Speaking of substance, Spider-Man: Homecoming is cinematic high school yearbook’s worth of swell touches and thoughtful details. Foremost, the against-the-grain casting of minorities and diversities, especially within Peter’s circle of peers, deserves a stupendous compliment. From there, the innumerable nods and Easter eggs come in all shapes and sizes to entertain both comic and casual fans with sharp eyes and invested dedication. Small ancillary roles played by Donald Glover, Bokeem Woodbine, Logan Marshall-Green, Michael Chernus, Hannibal Buress, Martin Starr, Mac Gargan, and Kenneth Choi all turn heads and carry roots and branches to the universe’s past and future.
Elder viewers with an ear for classic cartoons will be overjoyed by the opening measures of Michael Giacchino’s robust musical score. The influential flavor of John Hughes stylishly marks the teen and school layers. The emotive Steve Ditko-inspired eyes on Spider-Man’s mask are used to great effect. Sorry, Deadpool, the wall-crawler came before you and does it better. Call all of it what you like, fan service or smart decisions, but they work swimmingly to inject vibrant energy and flair to every corner of the film. The brightest quality of Spider-Man: Homecoming is the lead.
Last summer, this website’s review of Captain America: Civil War declared Holland’s extended cameo did “more corrective magic in fifteen minutes to give you the young, fun web-slinger you've always wanted compared to all five tedious, angst-ridden, and overstuffed full-length films since 2002.” I stand by that even more now after a complete solo film, a wise rivalry-ending coup of a lobbying agreement between Sony Pictures and the Midas Touch producers at Marvel Studios.
The 21-year-old Londoner and the fleet of six screenwriters (Watts and his writing partner Christopher Ford, the Horrible Bosses duo of Jonathan Goldstein and John Francis Daley, joke specialist Chris McKenna, and TV veteran Erik Sommers) properly sketch a plausible 15-year-old Peter Parker characterized with a canonical inferiority complex stoked by rejection and inadequacy. Holland expresses those traits as self-inflicted stress and pressure and leaves out the wimpy, whiny, and flaky angst of his Spider-Man predecessors. His style of pluck and mettle for this character is a breath of fresh air.
LESSON #1: STAY IN SCHOOL-- During your sophomore year of high school, you likely were not fighting crime with superpowers and letting your academic brilliance excel at a specialty STEM-focused high school. You were probably wondering how to make friends and get noticed by your crushes. Peter Parker still does the latter too. In fact, his life needs more of that right now than globetrotting superhero battles interning with the Avengers.

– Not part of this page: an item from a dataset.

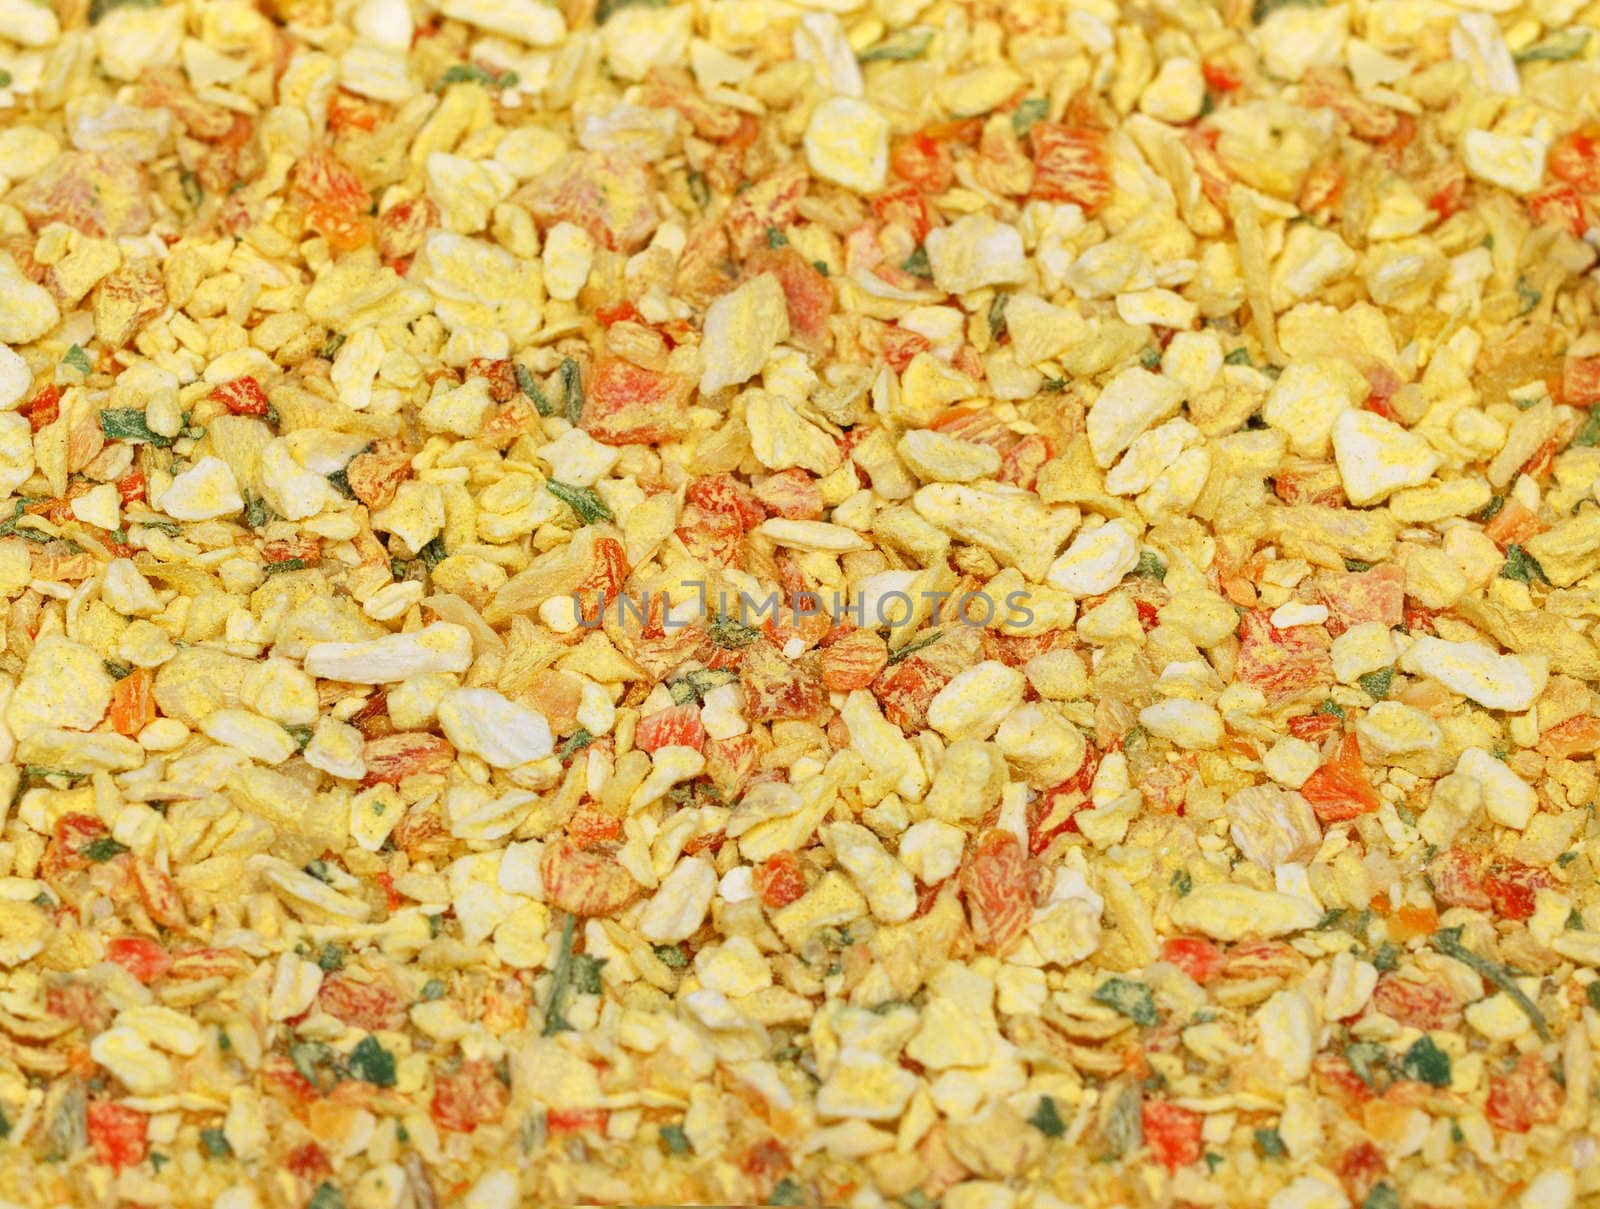 Close-up of ground mixed dry spices.

He should be a kid first and that includes putting in the proper time in learning with people his own age.
LESSON #2: A KID’S ENTHUSIASM OF HEROISM-- The youthful vibe of Holland and Spider-Man: Homecoming is infectious. Peter has clearly watched The LEGO Movie where every experience with his powers is awesome. Who can blame him? The way he geeks out for every heroic achievement and chivalrous victory shows his unending spirit.
LESSON #3: REPRESENT THE LITTLE GUY-- One of the best qualities about Peter’s adolescent verve is that it is tied to his borough of Queens. Other than a big sequence in Washington, D.C., Spider-Man is a small-time and fallible superhero-in-training who is still learning what he can do and who he can be. Until Peter Parker fully matures to put the “Man” in his codename, the best benefactors of his help are the locals and fellow blue-collar people closest to him.